Church of San Francesco in Castelbuono
The Church of San Francesco di Castelbuono is part of a monumental complex consisting of the former convent, the sixteenth-century cloister and the octagonal chapel of Sant'Antonio di Padova.
The church has a hall with four side altars. Among the works kept inside the church, noteworthy are: the main altarpiece, depicting the Triumph of Mary Immaculate, set in a large stucco drape; the fourteenth-century fresco of Santa Maria di Bisanzio, the doors of the Venetian school organ from 1547; the marble simulacrum of the Madonna and Child from 1528; a Byzantine fresco of the '300.

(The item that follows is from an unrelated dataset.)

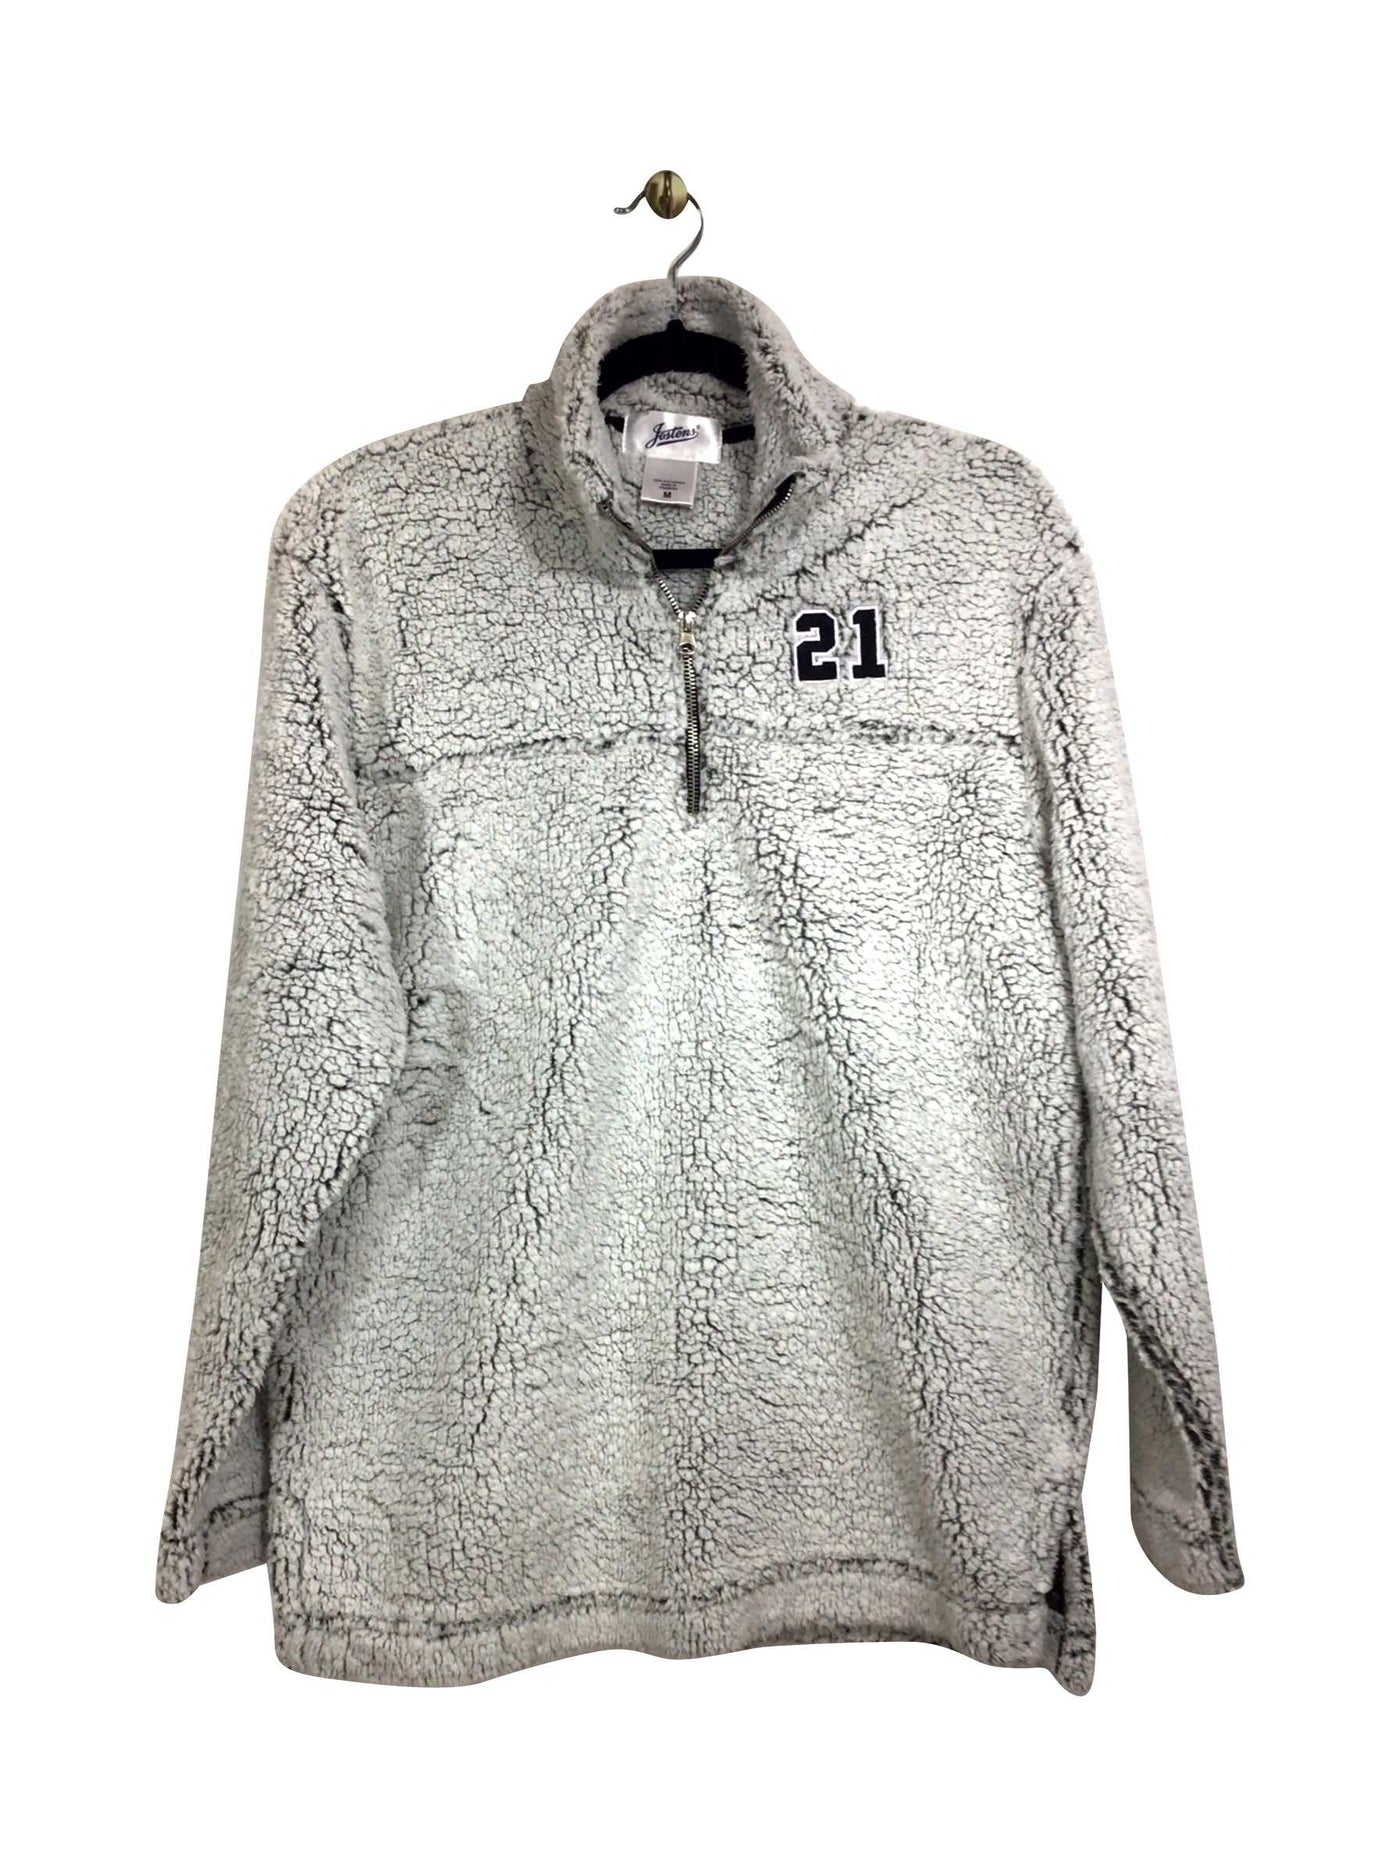 UNBRANDED Regular fit Sweatshirt in Gray - Size M | 8.99 $ KOOP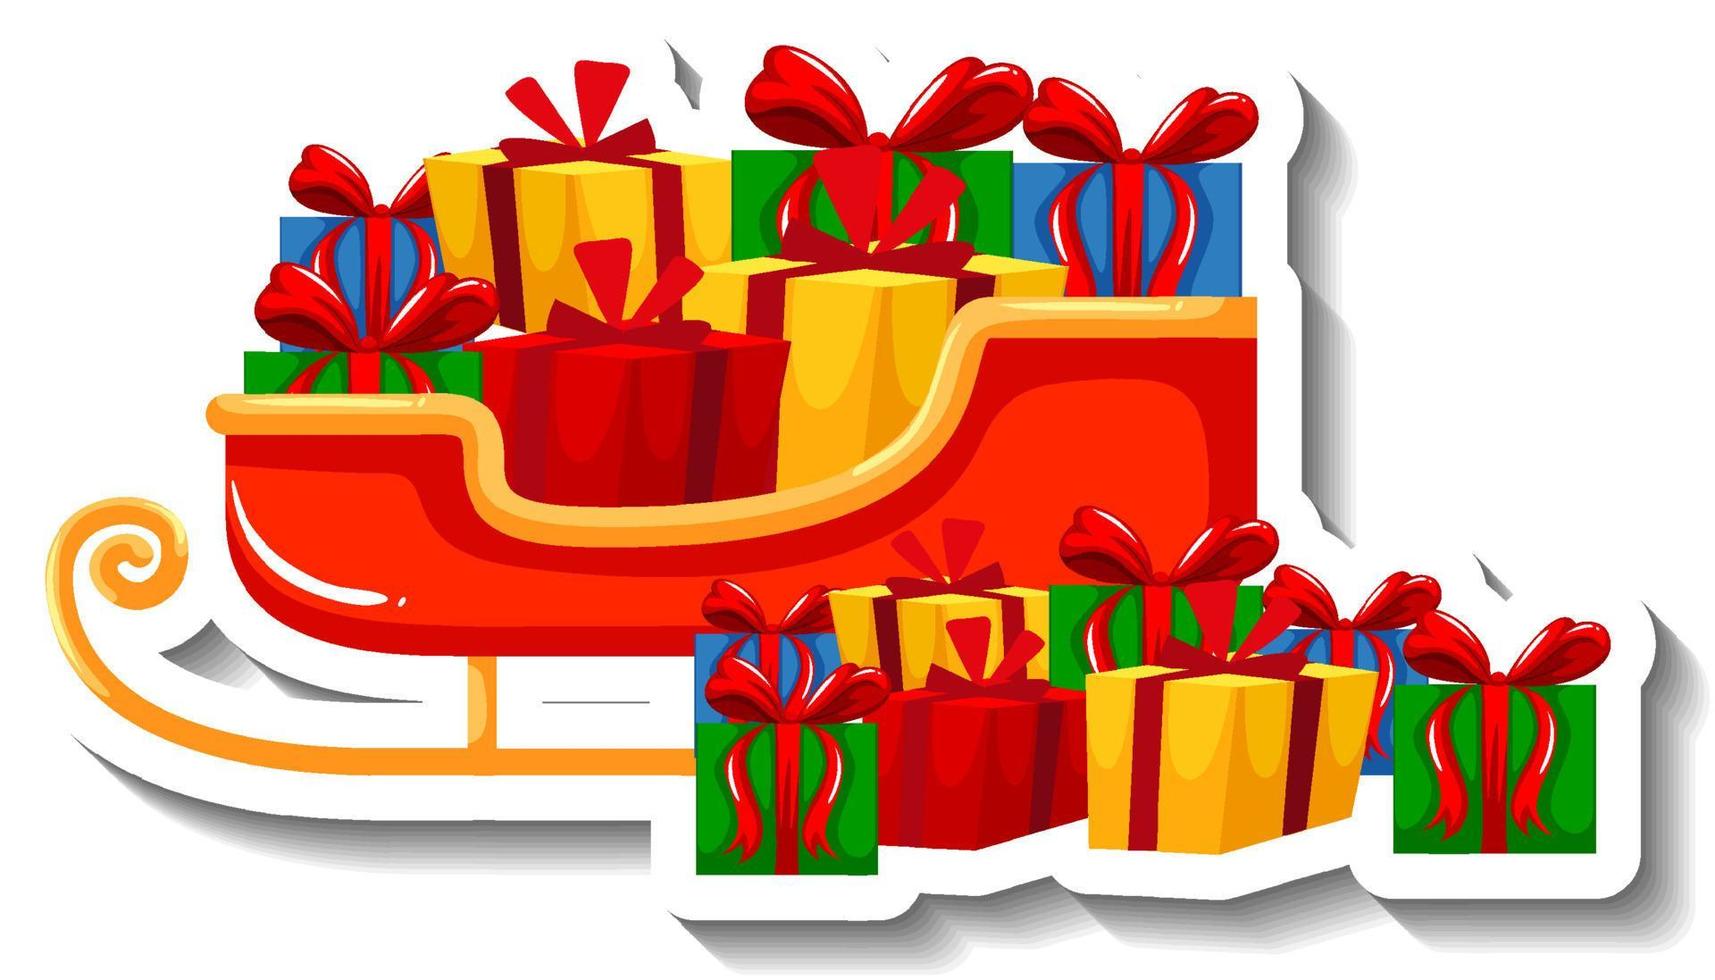 Christmas Sleigh with gift boxes cartoon sticker vector

Adjacent to the church is the beautiful eighteenth-century cloister. A magnificent marble portal attributed to the school of Francesco Laurana, which incorporates the twisted columns that mark the internal corners, dating back to the second half of the 15th century, gives access to the Chapel dedicated to St. Anthony. It is an octagonal grandstand where the remains of the members of the Ventimiglia family were housed, starting with the fifteenth century mausoleum of Giovanni Ventimiglia. The late-Romanesque mausoleum contains the monumental baroque sarcophagus of Francesco Rodrigo Ventimiglia, two other sixteenth-century sarcophagi and the funerary epigraph of Giovanni I Ventimiglia, first marquis of Sicily, who died in Castelbuono in 1475. The chapel of Sant'Antonio stands in the place where, according to tradition, the Paduan saint stopped to pray in 1222.